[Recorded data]

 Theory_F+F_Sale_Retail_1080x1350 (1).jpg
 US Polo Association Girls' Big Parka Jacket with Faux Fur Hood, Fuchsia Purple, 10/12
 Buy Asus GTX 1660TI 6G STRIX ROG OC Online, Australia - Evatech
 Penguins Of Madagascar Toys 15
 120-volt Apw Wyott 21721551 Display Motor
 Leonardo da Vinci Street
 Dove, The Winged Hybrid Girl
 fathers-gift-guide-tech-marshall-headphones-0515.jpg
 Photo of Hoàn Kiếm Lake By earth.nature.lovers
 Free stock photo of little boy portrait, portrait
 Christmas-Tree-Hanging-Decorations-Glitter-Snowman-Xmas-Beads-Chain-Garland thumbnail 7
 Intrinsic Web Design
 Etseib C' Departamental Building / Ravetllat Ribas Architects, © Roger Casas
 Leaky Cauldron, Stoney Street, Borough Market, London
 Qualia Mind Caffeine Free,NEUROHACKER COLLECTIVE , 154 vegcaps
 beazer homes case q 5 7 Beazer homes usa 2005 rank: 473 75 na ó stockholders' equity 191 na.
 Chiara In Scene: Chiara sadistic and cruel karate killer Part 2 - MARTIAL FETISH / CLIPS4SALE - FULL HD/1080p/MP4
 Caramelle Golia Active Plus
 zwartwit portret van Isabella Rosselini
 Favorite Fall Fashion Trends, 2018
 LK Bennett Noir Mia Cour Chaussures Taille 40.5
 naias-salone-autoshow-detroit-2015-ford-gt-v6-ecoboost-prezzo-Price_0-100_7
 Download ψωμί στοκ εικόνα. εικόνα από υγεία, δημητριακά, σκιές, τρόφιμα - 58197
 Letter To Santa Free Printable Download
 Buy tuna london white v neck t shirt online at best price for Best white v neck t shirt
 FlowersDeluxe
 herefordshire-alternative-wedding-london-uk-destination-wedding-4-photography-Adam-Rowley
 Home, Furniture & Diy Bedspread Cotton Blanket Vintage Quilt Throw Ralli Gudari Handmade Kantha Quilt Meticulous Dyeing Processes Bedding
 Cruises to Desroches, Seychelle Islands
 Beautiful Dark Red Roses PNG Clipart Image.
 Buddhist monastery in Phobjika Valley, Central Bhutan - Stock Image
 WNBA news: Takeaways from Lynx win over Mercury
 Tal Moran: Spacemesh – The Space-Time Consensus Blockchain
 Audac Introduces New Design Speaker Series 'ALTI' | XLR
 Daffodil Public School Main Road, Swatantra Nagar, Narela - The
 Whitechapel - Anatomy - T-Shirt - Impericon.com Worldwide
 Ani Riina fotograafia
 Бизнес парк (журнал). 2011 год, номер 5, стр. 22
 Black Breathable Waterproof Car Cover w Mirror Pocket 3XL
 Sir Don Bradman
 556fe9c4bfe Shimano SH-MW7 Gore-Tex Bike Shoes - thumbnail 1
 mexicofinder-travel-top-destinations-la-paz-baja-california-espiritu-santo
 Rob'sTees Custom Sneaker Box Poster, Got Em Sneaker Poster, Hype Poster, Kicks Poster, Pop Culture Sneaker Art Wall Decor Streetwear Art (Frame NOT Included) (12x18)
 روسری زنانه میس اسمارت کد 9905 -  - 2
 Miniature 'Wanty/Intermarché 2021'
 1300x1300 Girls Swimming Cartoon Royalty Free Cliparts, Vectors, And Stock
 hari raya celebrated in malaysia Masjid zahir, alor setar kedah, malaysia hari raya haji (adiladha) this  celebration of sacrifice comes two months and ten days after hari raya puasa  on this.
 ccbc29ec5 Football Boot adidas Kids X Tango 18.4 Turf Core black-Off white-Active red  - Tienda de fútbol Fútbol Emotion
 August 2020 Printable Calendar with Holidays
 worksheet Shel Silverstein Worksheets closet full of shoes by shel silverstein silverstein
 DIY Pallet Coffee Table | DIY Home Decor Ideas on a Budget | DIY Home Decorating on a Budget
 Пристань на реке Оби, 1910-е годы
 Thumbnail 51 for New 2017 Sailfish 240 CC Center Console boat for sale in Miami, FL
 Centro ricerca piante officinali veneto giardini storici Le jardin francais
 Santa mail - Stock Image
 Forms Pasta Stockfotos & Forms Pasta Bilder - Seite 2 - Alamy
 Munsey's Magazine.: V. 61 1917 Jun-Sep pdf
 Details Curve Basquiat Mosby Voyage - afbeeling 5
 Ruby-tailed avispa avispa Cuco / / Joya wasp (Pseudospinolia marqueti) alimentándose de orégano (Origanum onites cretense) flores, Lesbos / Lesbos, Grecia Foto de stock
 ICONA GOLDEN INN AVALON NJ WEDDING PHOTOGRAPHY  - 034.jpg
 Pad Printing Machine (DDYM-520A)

— Your assignment —
Repeat, exactly as they stand above, the lines from the line with "US Polo Association" to the line with "Beautiful Dark Red Roses PNG Clipart Image.", both lines included.

— Written solution —
 US Polo Association Girls' Big Parka Jacket with Faux Fur Hood, Fuchsia Purple, 10/12
 Buy Asus GTX 1660TI 6G STRIX ROG OC Online, Australia - Evatech
 Penguins Of Madagascar Toys 15
 120-volt Apw Wyott 21721551 Display Motor
 Leonardo da Vinci Street
 Dove, The Winged Hybrid Girl
 fathers-gift-guide-tech-marshall-headphones-0515.jpg
 Photo of Hoàn Kiếm Lake By earth.nature.lovers
 Free stock photo of little boy portrait, portrait
 Christmas-Tree-Hanging-Decorations-Glitter-Snowman-Xmas-Beads-Chain-Garland thumbnail 7
 Intrinsic Web Design
 Etseib C' Departamental Building / Ravetllat Ribas Architects, © Roger Casas
 Leaky Cauldron, Stoney Street, Borough Market, London
 Qualia Mind Caffeine Free,NEUROHACKER COLLECTIVE , 154 vegcaps
 beazer homes case q 5 7 Beazer homes usa 2005 rank: 473 75 na ó stockholders' equity 191 na.
 Chiara In Scene: Chiara sadistic and cruel karate killer Part 2 - MARTIAL FETISH / CLIPS4SALE - FULL HD/1080p/MP4
 Caramelle Golia Active Plus
 zwartwit portret van Isabella Rosselini
 Favorite Fall Fashion Trends, 2018
 LK Bennett Noir Mia Cour Chaussures Taille 40.5
 naias-salone-autoshow-detroit-2015-ford-gt-v6-ecoboost-prezzo-Price_0-100_7
 Download ψωμί στοκ εικόνα. εικόνα από υγεία, δημητριακά, σκιές, τρόφιμα - 58197
 Letter To Santa Free Printable Download
 Buy tuna london white v neck t shirt online at best price for Best white v neck t shirt
 FlowersDeluxe
 herefordshire-alternative-wedding-london-uk-destination-wedding-4-photography-Adam-Rowley
 Home, Furniture & Diy Bedspread Cotton Blanket Vintage Quilt Throw Ralli Gudari Handmade Kantha Quilt Meticulous Dyeing Processes Bedding
 Cruises to Desroches, Seychelle Islands
 Beautiful Dark Red Roses PNG Clipart Image.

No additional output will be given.